Additional Information and Where to Find It
This communication does not constitute an offer to buy or solicitation of an offer to sell any securities. This communication relates to a proposal which Ali Group has made for a business combination transaction with Welbilt, Inc. In furtherance of this proposal and subject to future developments, Ali Group (and, if a negotiated transaction is agreed to, Welbilt) may file one or more proxy statements or other documents with the SEC. This communication is not a substitute for any proxy statement or other document Ali Group and/or Welbilt may file with the SEC in connection with the proposed transaction. INVESTORS AND SECURITY HOLDERS OF WELBILT ARE URGED TO READ THE PROXY STATEMENT AND OTHER DOCUMENTS FILED WITH THE SEC CAREFULLY IN THEIR ENTIRETY IF AND WHEN THEY BECOME AVAILABLE AS THEY WILL CONTAIN IMPORTANT INFORMATION ABOUT THE PROPOSED TRANSACTION. Any definitive proxy statement (if and when available) will be mailed to stockholders of Welbilt. Investors and security holders will be able to obtain free copies of these documents (if and when available) and other documents filed with the SEC by Ali Group through the web site maintained by the SEC at http://www.sec.gov.

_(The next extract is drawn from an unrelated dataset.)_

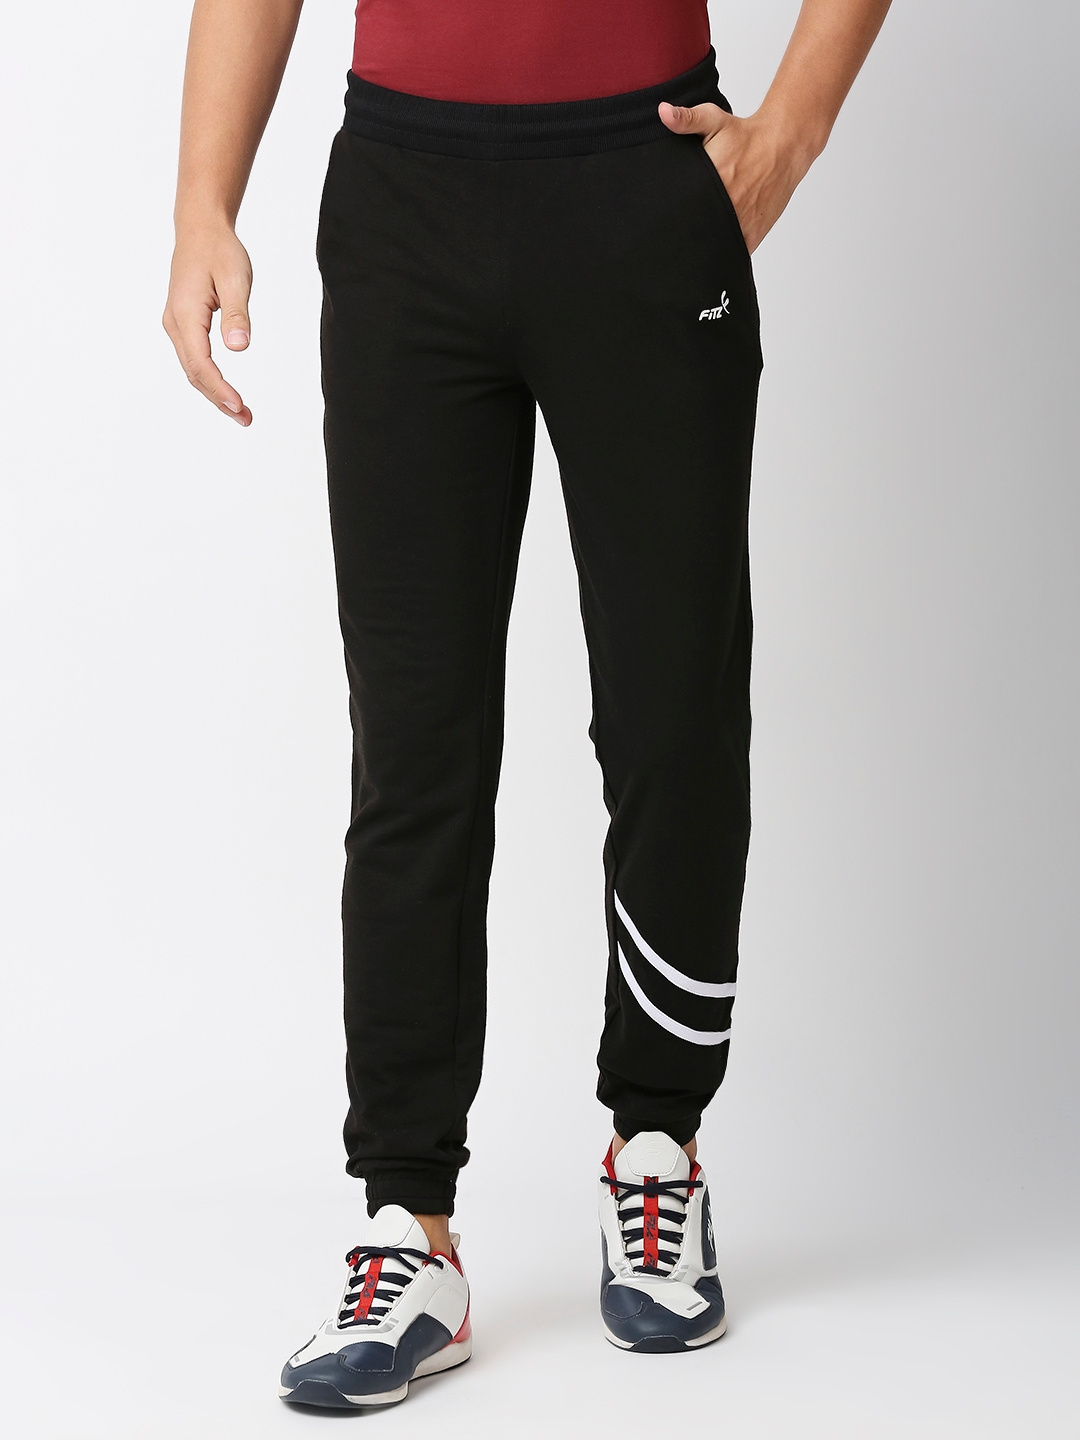 FITZ | Fitz French Terry Solid Slim Fit Joggers Trackpants - Jet Black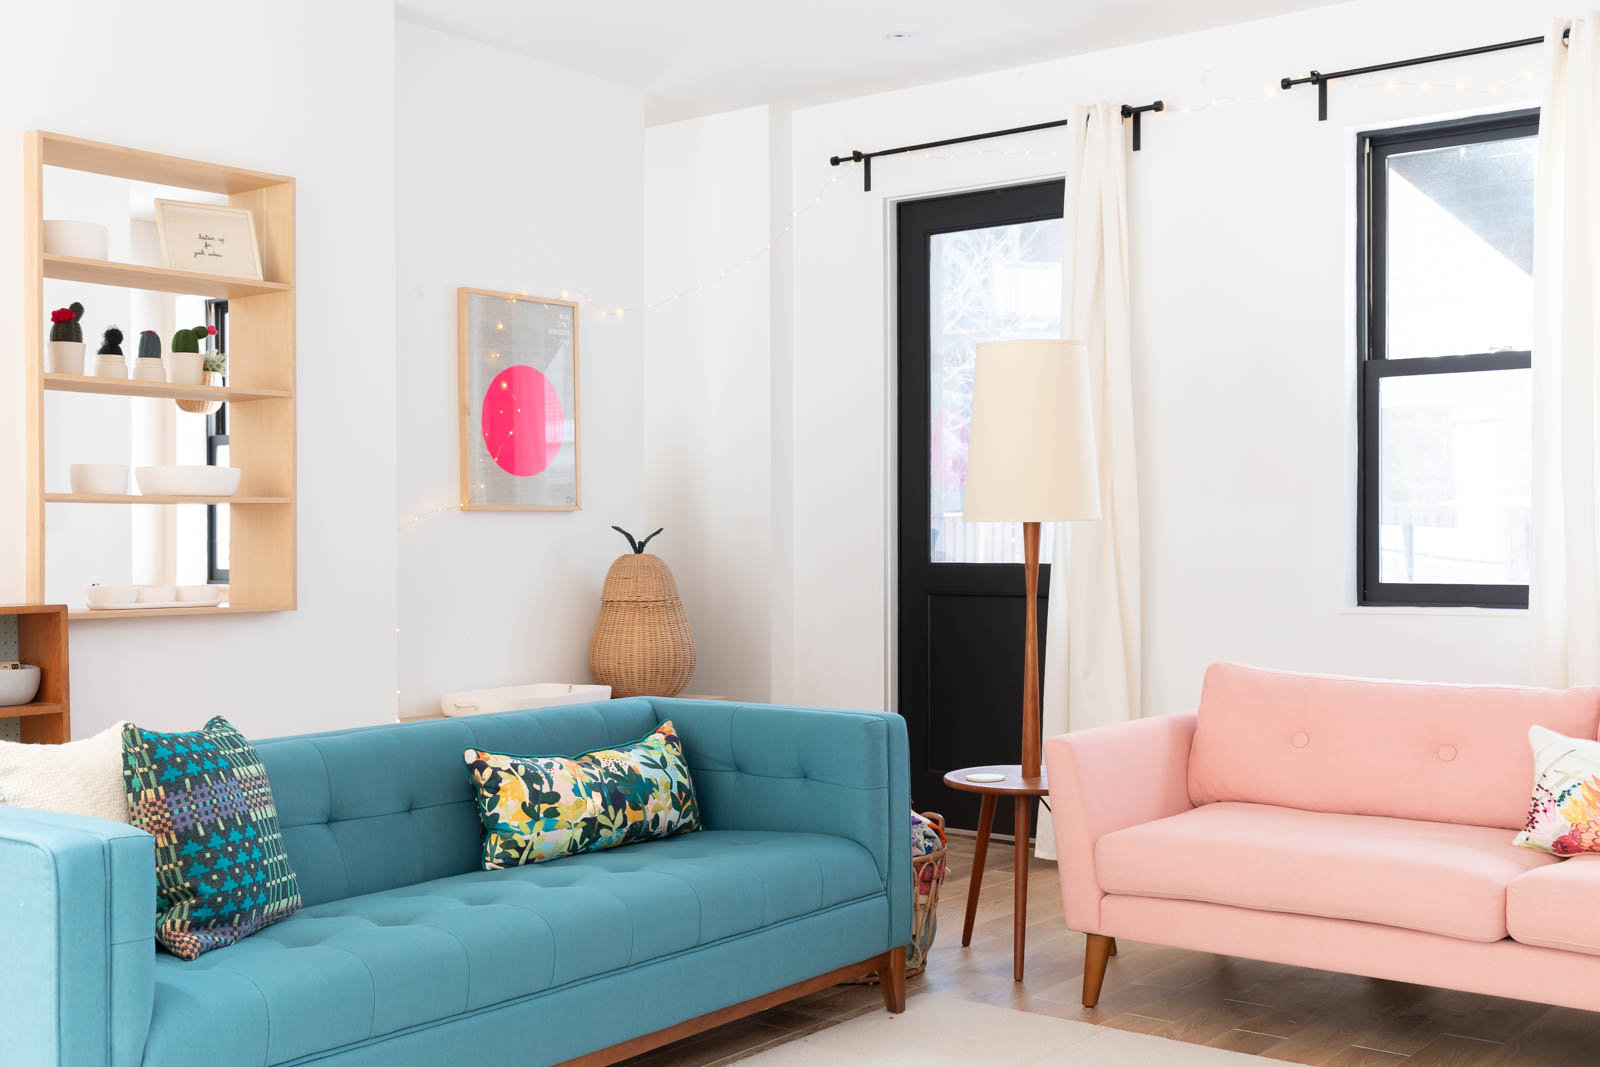 A blue couch and pink couch side by side in the living room

Participants in the Solicitation
Ali Group, together with the other participants named herein (collectively, “Ali Group”), and certain of its directors and executive officers may be deemed to be participants in any solicitation with respect to the proposed transaction under the rules of the SEC.
The participants in this solicitation are Ali Holding S.r.l. and Filippo Berti (Chairman and Chief Executive Officer), Bradford D. Willis (Chief Financial Officer), Ryan Blackman (Director of Marketing and Communications), Andrea Cocchi (Chief Executive Officer, EMEA and APAC), and Maurizio Anastasia (Chief Financial Officer, EMEA and APAC). As of the date hereof, the Ali Group (including officers, directors and other members of management) does not own any shares of Welbilt.
Welbilt and certain of its directors and executive officers may be deemed to be participants in the solicitation of proxies in respect of the proposed transaction. Information about the directors and executive officers of Welbilt is set forth in its proxy statement for its 2021 annual meeting of shareholders, which was filed with the SEC on March 15, 2021, and Welbilt’s Annual Report on Form 10-K for the fiscal year ended December 31, 2020, which was filed with the SEC on February 26, 2021. Other information regarding the participants in the proxy solicitations and a description of their direct and indirect interests, by security holdings or otherwise, will be contained in the proxy statement and other relevant materials to be filed with the SEC regarding the proposed transaction when such materials become available.